At a time when railroad transportation meant traveling mostly in upright chairs in unheated soot filled cars that rocked and pitched their way along state imposed “standard” gauge track, steamboats were admired for their luxury, their comfort, their ornamentation —  in a word – their style.  Contrary to popular opinion, steamboats also out performed the rival railroads during the Golden Age.  More troops and supplies were transported by packets than railroad cars during the Civil War.  If you do the math, an army the size of a city could not travel more than two or three days without shifting its base along the line of some railroad or river.  Indispensable as railways were, in the western theater they were far inferior to rivers.  With respect to security, the river lines of supply and communication could not be cut as easily as rails by the enemy.    Rivers were military highways.  These Georgetown captains and pilots with their civilian crews were contracted and impressed into service by the Army Quartermaster leading to many tales.  These Georgetown captains owned and operated approximately one hundred packets during this Golden Age.

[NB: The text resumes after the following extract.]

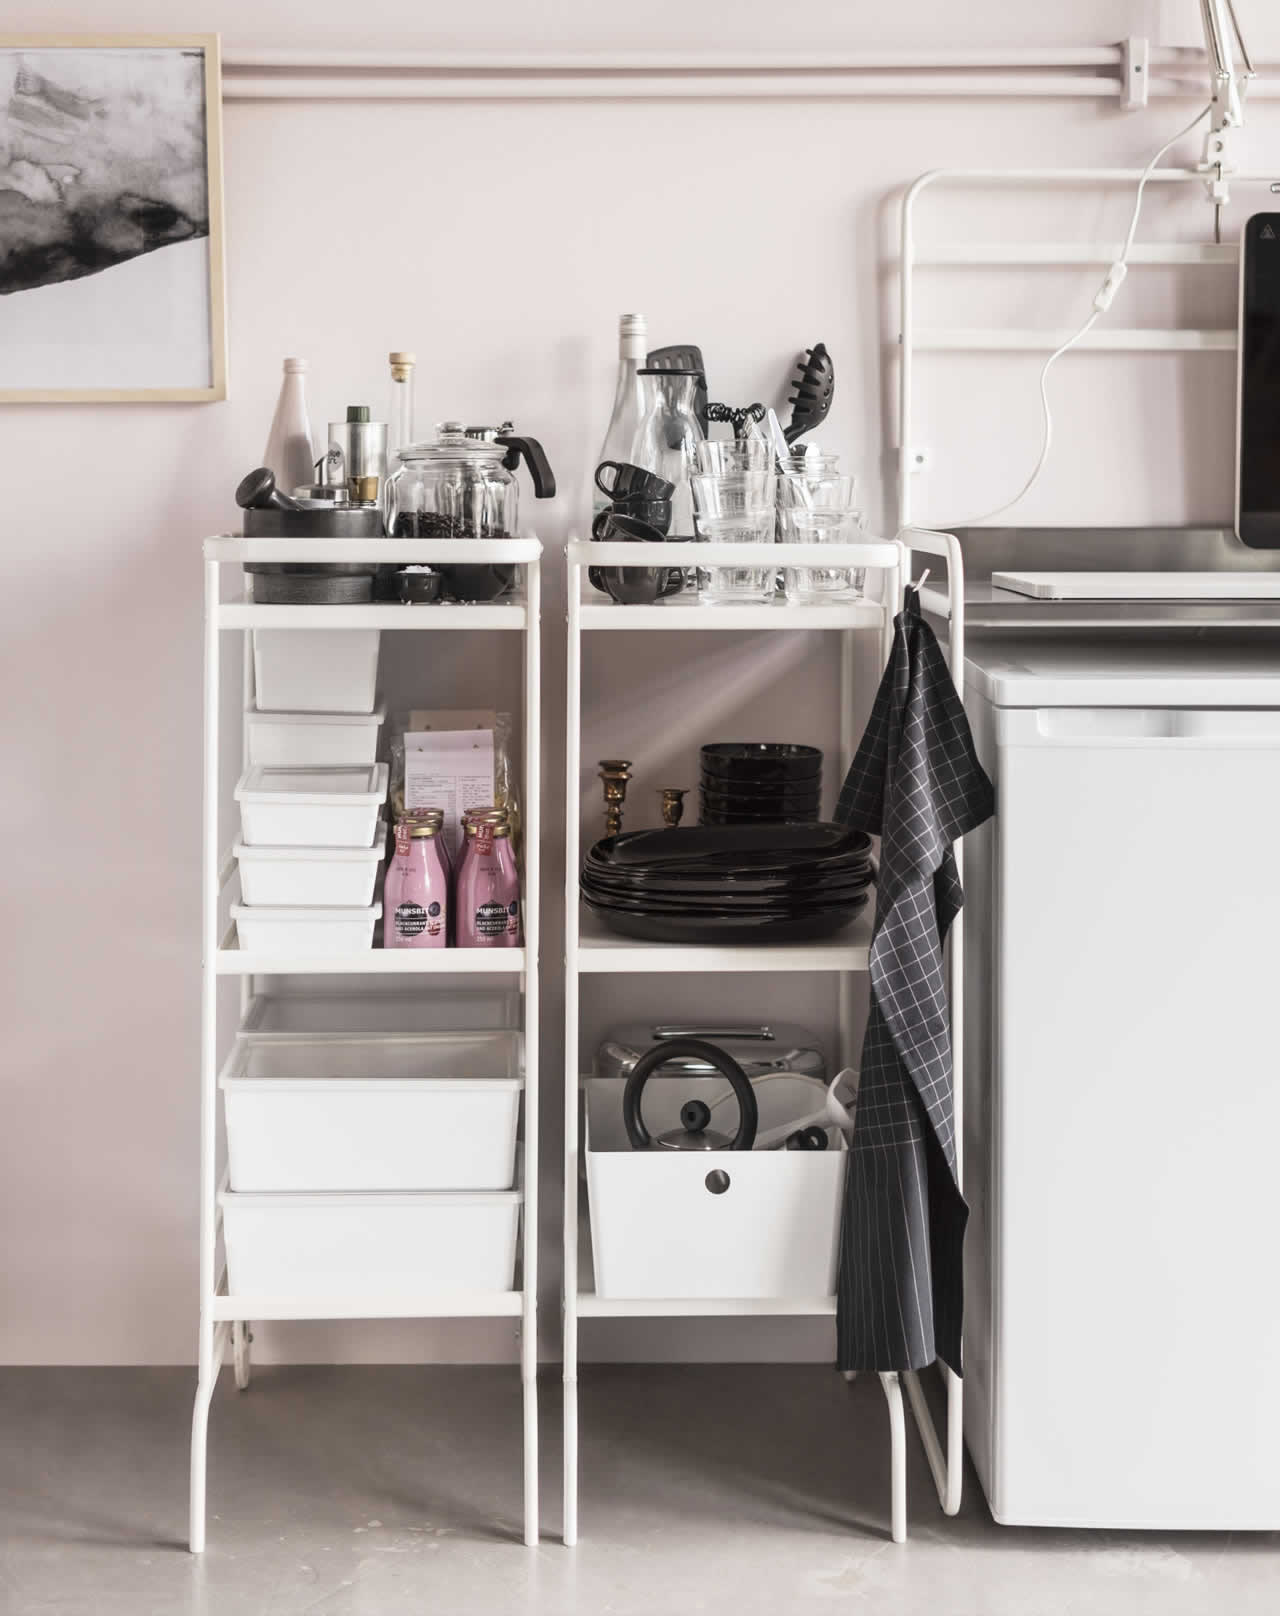 IKEA İyi Fikirler - Kurması ve kaldırması kolay bir mutfak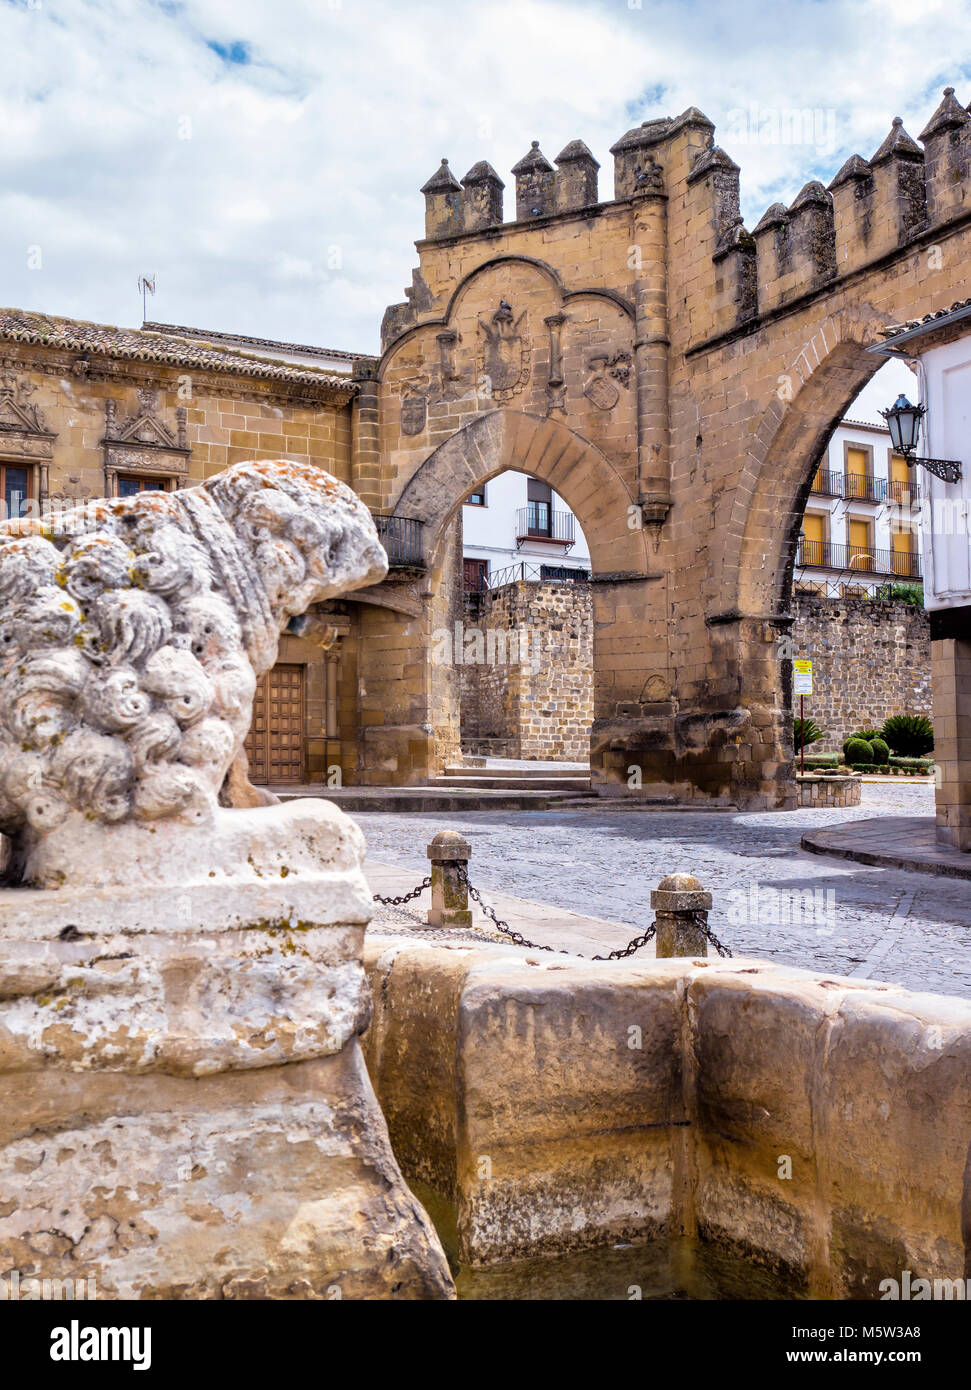 Plaza del Pópulo con la Fuente romana de los Leones, la Puerta de Jaén y el Arco de Villalar. Baeza. Jaén. Andalucía. España Stock Photo

Nancy Poe Ebert Journal Segment 2 Front  (Anna L and John F Nash Collection

Nancy Poe Ebert Journal Segment 2 Front (Anna L and John F Nash Collection

Lots of local histories about Georgetown live on: the grisly death of a steamboat captain far from home in April 1850 (The Body), a Paul Revere like ride to warn the area of the danger of attack from Morgan’s Raiders in July 1863 (The Ride), a baseball game with Honus Wagner and his All Stars in August 1924 (The Game), Georgetown’s frontier fort (The Lost Frontier Fort),  etc.  I am a retailer, not an inventor, of these tales.  Vexingly, these stories have been virtually ignored by generations of historians.

It could write itself, this kind of story.  A few stitched together anecdotes, more about this and that, a bit of wandering about.  It would be nostalgic.  And I am not interested in nostalgic.  I want to know the relationships between the Georgetown steamboat captains and their places in history.  I want to understand the lost wealth and glamour from more than a century ago.  I want to walk where they walked.  I want to know who are in the pictures I have inherited  These simple objects, a small cache of photographs and letters, have become a part of my life.  Each object has a story to tell – intertwined with memories.  As times passes, my inheritance does not become clearer, it becomes thinner.  I must sort it out now or it will soon disappear and be forgotten.

My hope is that this account will serve some historical purpose.  I aim to tell something of these Georgetownmen and their boats, and to relate something of their stories of river life.  At first it was hard to see their appeal.  Slowly, I became aware that the streets of Georgetown , which I had walked every day as a child, had a hidden history.  The Georgetown steamboat history holds ten mysteries for every one that has been solved.    Their stories, about early river transportation, their efforts during the Civil War, and their Missouri River trips to Montana, spoke about a series of hardships and obstacles to overcome.  A  history that, as I read taking notes, at first surprised and then astonished me.  Now it makes me both angry and sad.   It is a story unwritten.  The boats themselves disappeared more than a hundred years ago.  The masters and pilots, engineers and clerks, mates and roustabouts have likewise gone.  Today, the lives of those who manned the steamers are legendary, almost mythical.   This  is a story of the steamboating Georgetown people.  It is a story of aspiration, fortitude, and brio.  This story was not a story of my choosing, but what could make a better story!

Some people are born with or develop a great interest in the Ohio River.  Others inherit it.  Most of what follows is true.  The rest is rumor, folktale, and myth.  The errors are mine.